Testing Services provides a platform for QA professionals to discuss and gain insights in to the business value delivered by testing, the best practices and processes that drive it and the emergence of new technologies that will shape the future of this profession.

« July 2017 | Main | December 2017 »

October 25, 2017

Testing Traditional Databases vs NoSQL Databases

Author: Surya Prakash G., Delivery Manager, Infosys Validation Solutions

When was the last time you heard the words "Big data", "Traditional Database", and "NoSQL database". These words are heard every second now and are widely used terms in every IT organization and across different industry verticals. These terms signify the way technology changes are happening due to huge data that is getting generated through various means (IOT, Social media, Sensors etc.).

Are traditional databases getting replaced? Yes, as there is increase in the amount of data due to advancement in technology (social media, web logs) and increased need to analyze the unstructured data for better decision making.
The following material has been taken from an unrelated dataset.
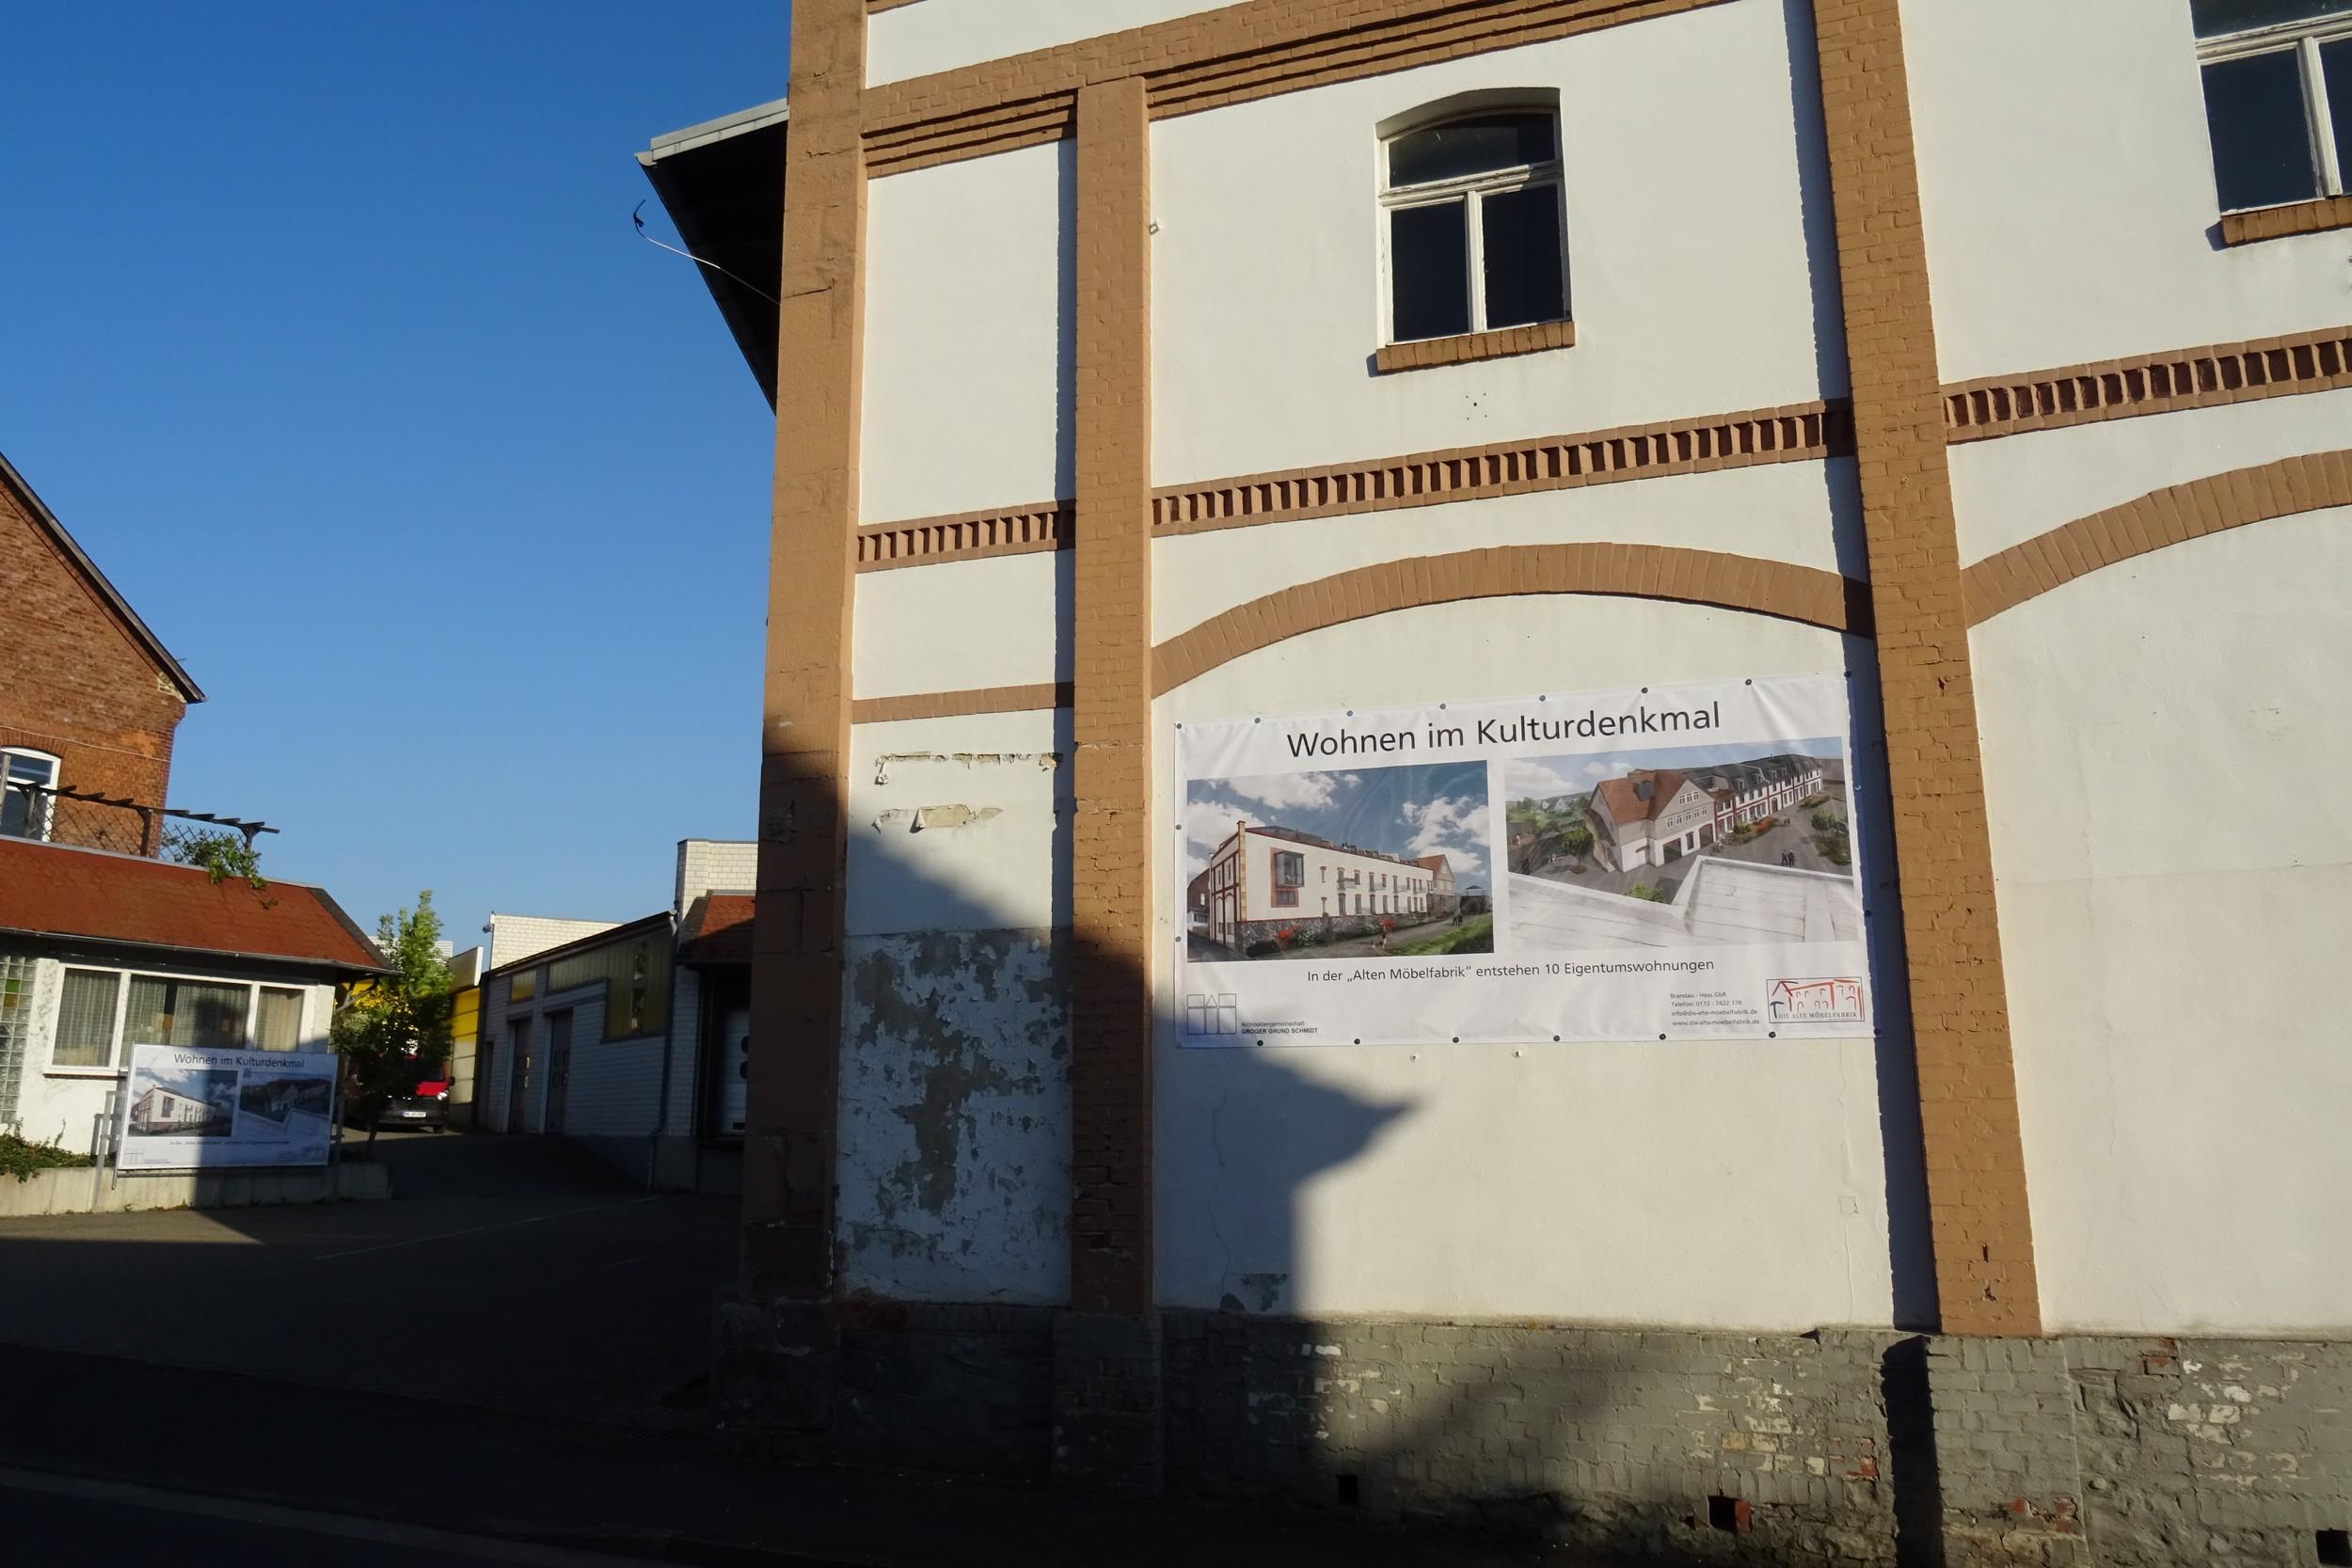 Wohnen im Kulturdenkmal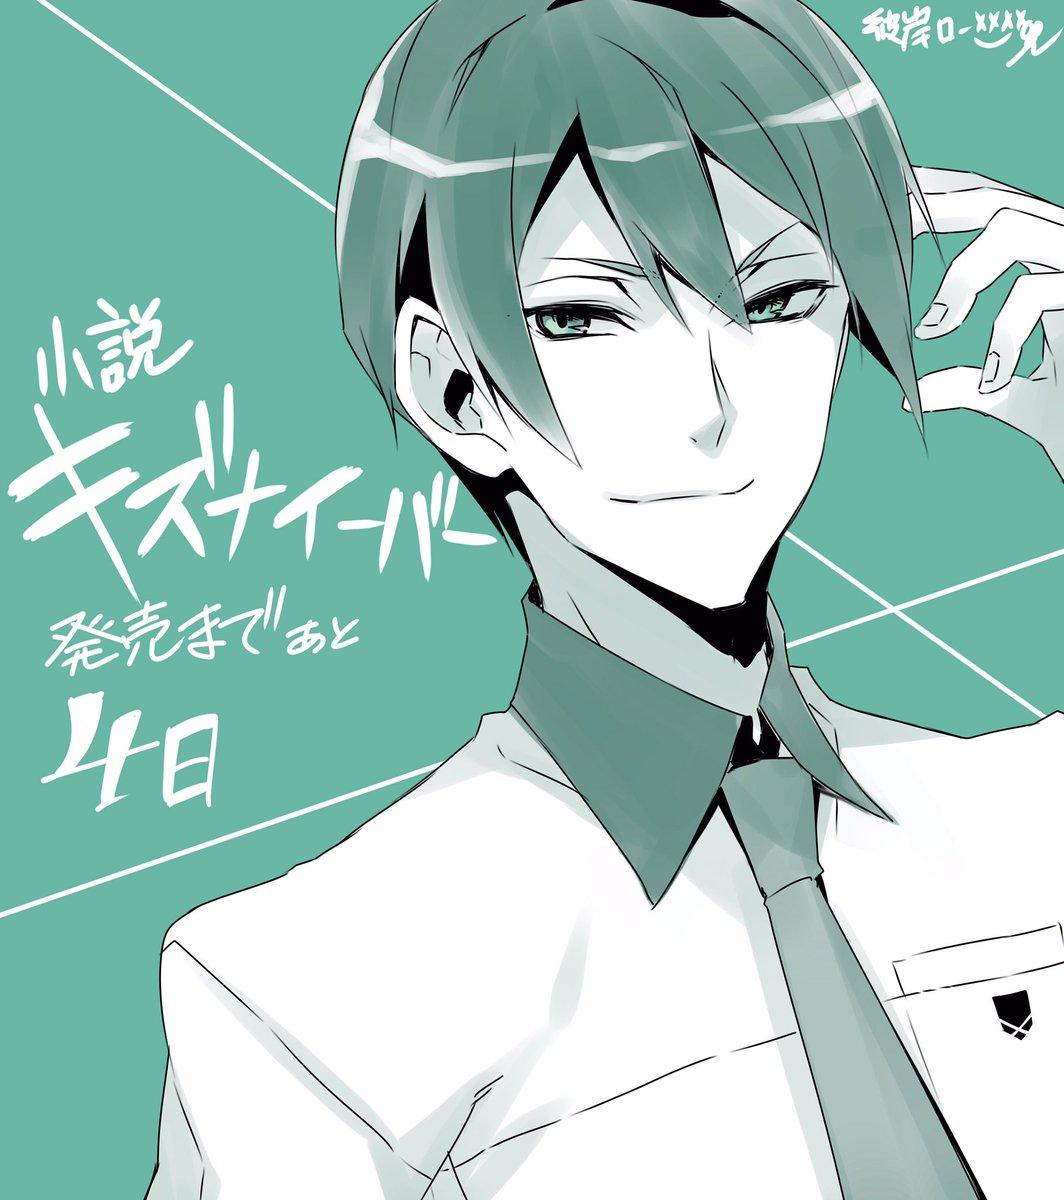 【ノベル発売 カウントダウン】「小説 キズナイーバー -あの日のキズ、これからのキズナ-」は10月27日発売! 第3章は

Storage of these data is essential which cannot be handled by the traditional forms of database as data increases multi fold within a millisecond. These relational databases add to the cost of increased maintenance which paved way for newer kinds of databases - NoSQL databases.

Why NoSQL databases are coming into technology stack? With unstructured data coming into foray, NoSQL databases offer more flexibility to host multiple hundreds of nodes and allow it to store in a physical folder kind of structure. It's more imperative that, storing data in bulk requires extra processing effort and more storage than highly organized SQL data. This has led to launch of new set of NoSQL databases like MongoDB, CouchDB etc.

For validation, some common things between SQL and NoSQL have to be followed like Metadata validation, Data conversions, Data Comparisons, Data quality techniques and Data consistency.

As part of the validation strategy for applications based on NoSQL, traditional testing approaches on NoSQL are based upon sample data record sets, which is fine for unit testing activities. However, the challenge comes in determining how to validate an entire data set consisting of millions, and even billions of records. For NoSQL, Testers need to focus on only two of the three attributes getting the right output - Consistency (checking if all users get same data when queried), Availability (checking if all users can read/write the data) and Partition Tolerance (checking if can work across network to access data)

For NoSQL testing, few activities can be considered (which are not limited) as part of the strategy

  • Pre-processing validation : Checking the format and consistency of the source data formats
  • Data Ingestion & Data Extraction Testing: Data Conversions and comparison testing
  • Data Quality Analysis : Understanding state of system and consistency checks
  • Data Visualization testing with NoSQL database: Output reports compared with database values

To conclude, though there are similarities between NoSQL testing and Relational database testing, execution mindset is different and below are four points to remember:

F - Understanding of different File formats that will be used (JSON, Parquet, AVRO etc)
A - how data can be Accessed (as they will be distributed across nodes/clusters)
S - Tester needs to have clear Test Strategy in terms of data conversions & comparisons using the right tools
T - NoSQL Technology knowledge on how data will be stored (Columnar, Document, graph based, key value pair etc.)

I would love to discuss this topic and on big data testing in general. Looking forward to your comments.